> Source data
++++++++++++++++++++
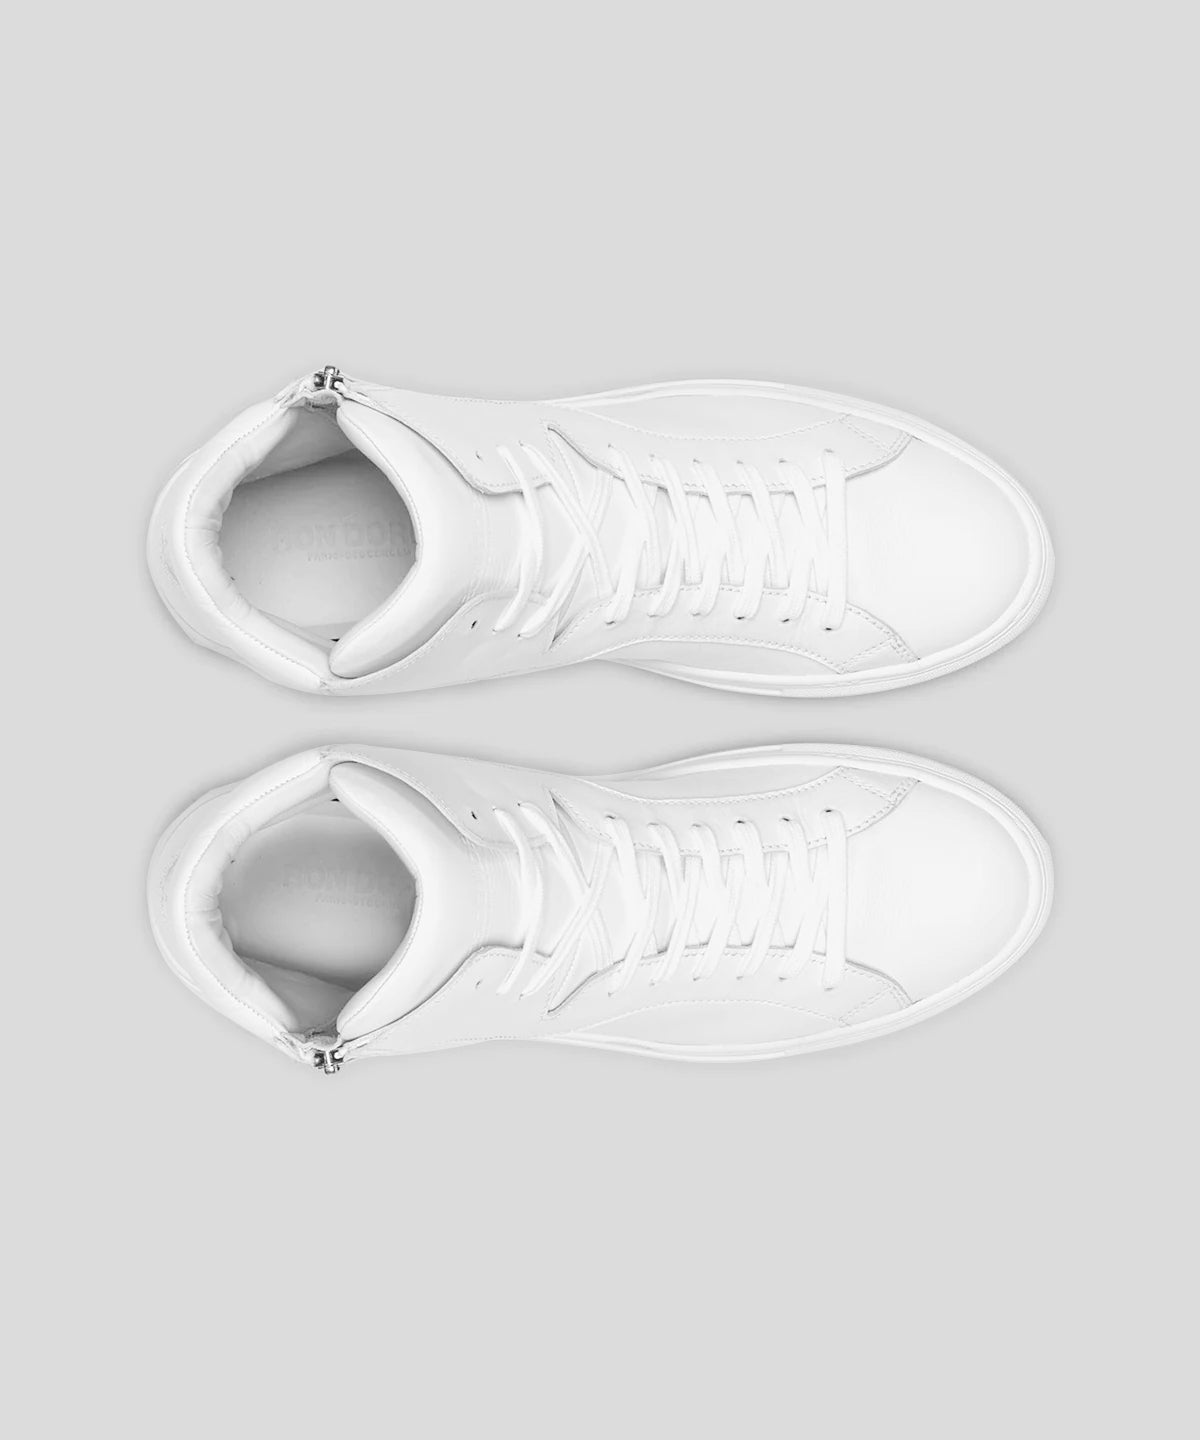 Chaussures de sport montantes unis: Blanc
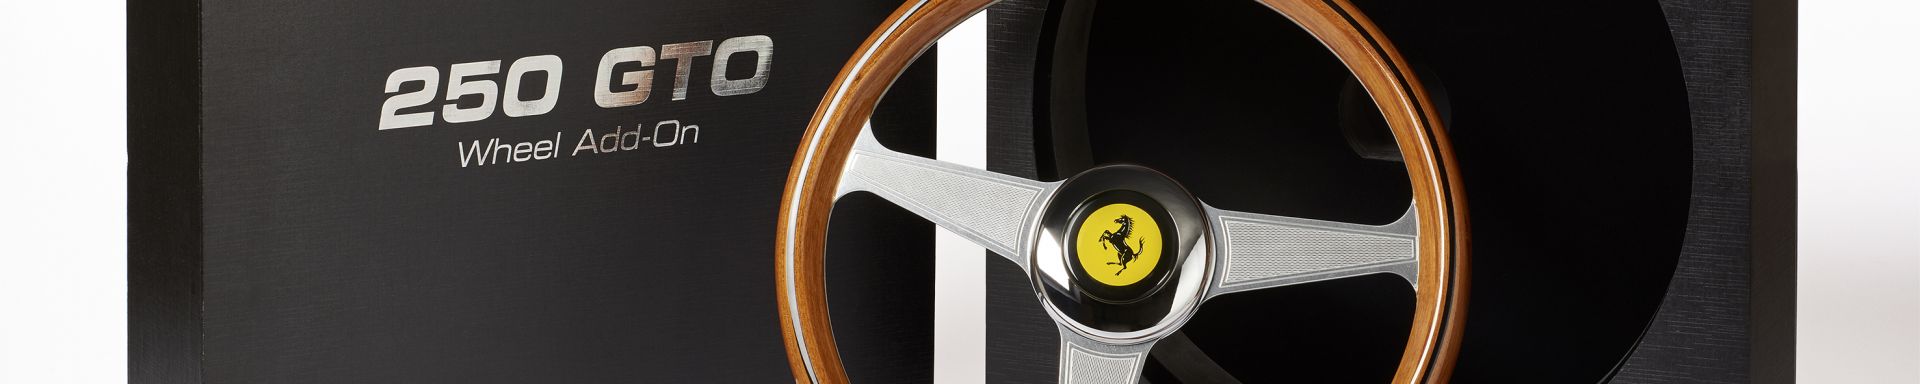 美しい UNOSHOTENー宇野商店Ferrari 250 GTO Wheel Add On 並行輸入
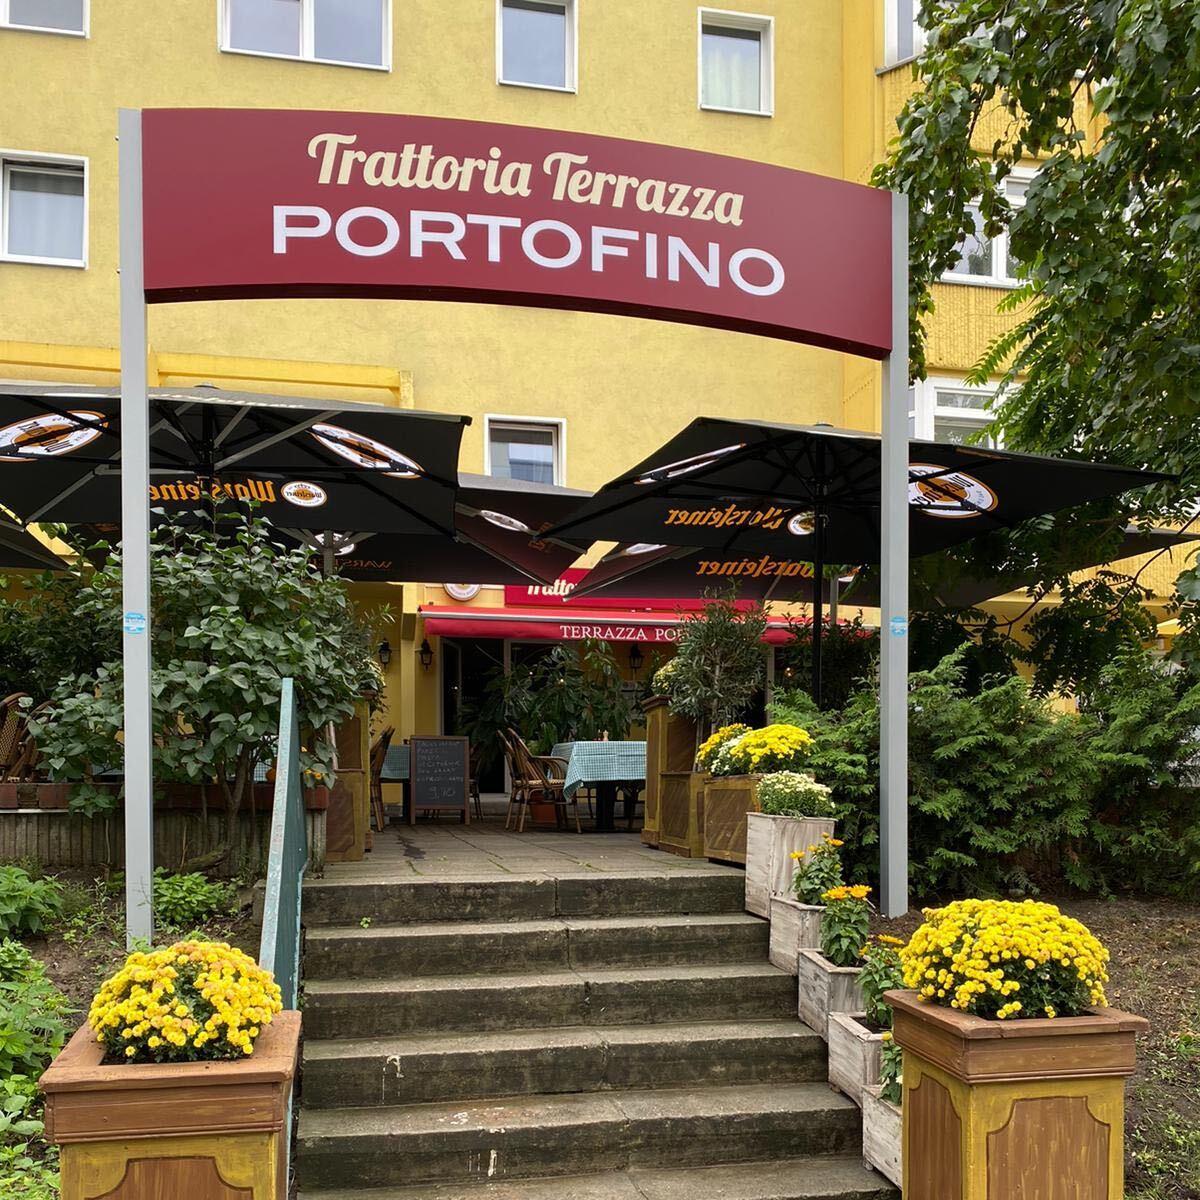 Restaurant "Terrazza Portofino" in Berlin
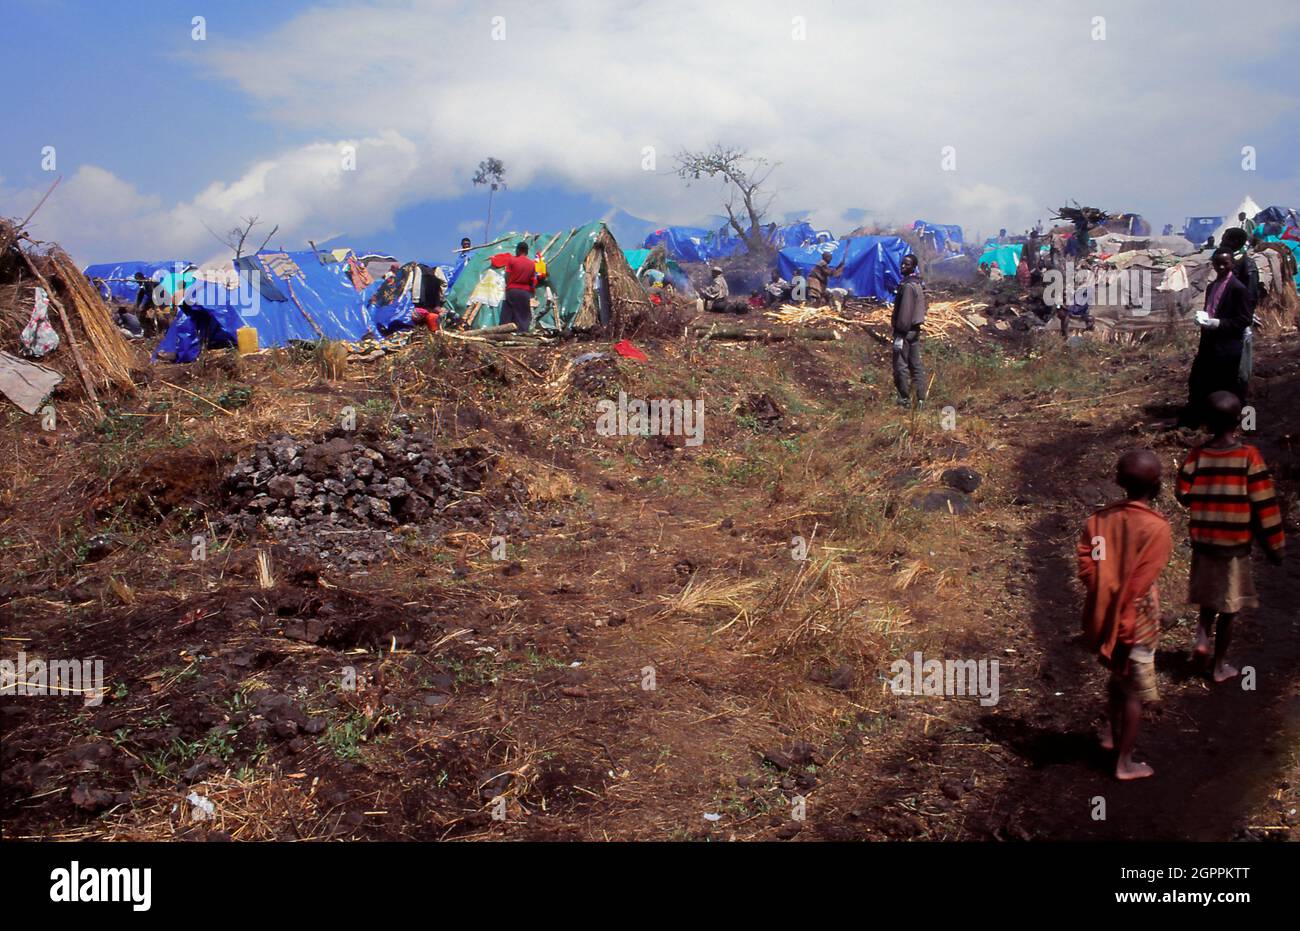 Les réfugiés rwandais fuyant le génocide et la guerre civile au Rwanda voisin attendent dans un camp de réfugiés de Goma, en République démocratique du Congo. Banque D'Images
++++++++++++++++++++
Only the lines from the one that holds "美しい UNOSHOTENー宇野商店Ferrari 250" through the final line of the material should be reproduced, word for word, with the pictures omitted.

> Result of the exercise
 美しい UNOSHOTENー宇野商店Ferrari 250 GTO Wheel Add On 並行輸入
 Restaurant "Terrazza Portofino" in Berlin
 Les réfugiés rwandais fuyant le génocide et la guerre civile au Rwanda voisin attendent dans un camp de réfugiés de Goma, en République démocratique du Congo. Banque D'Images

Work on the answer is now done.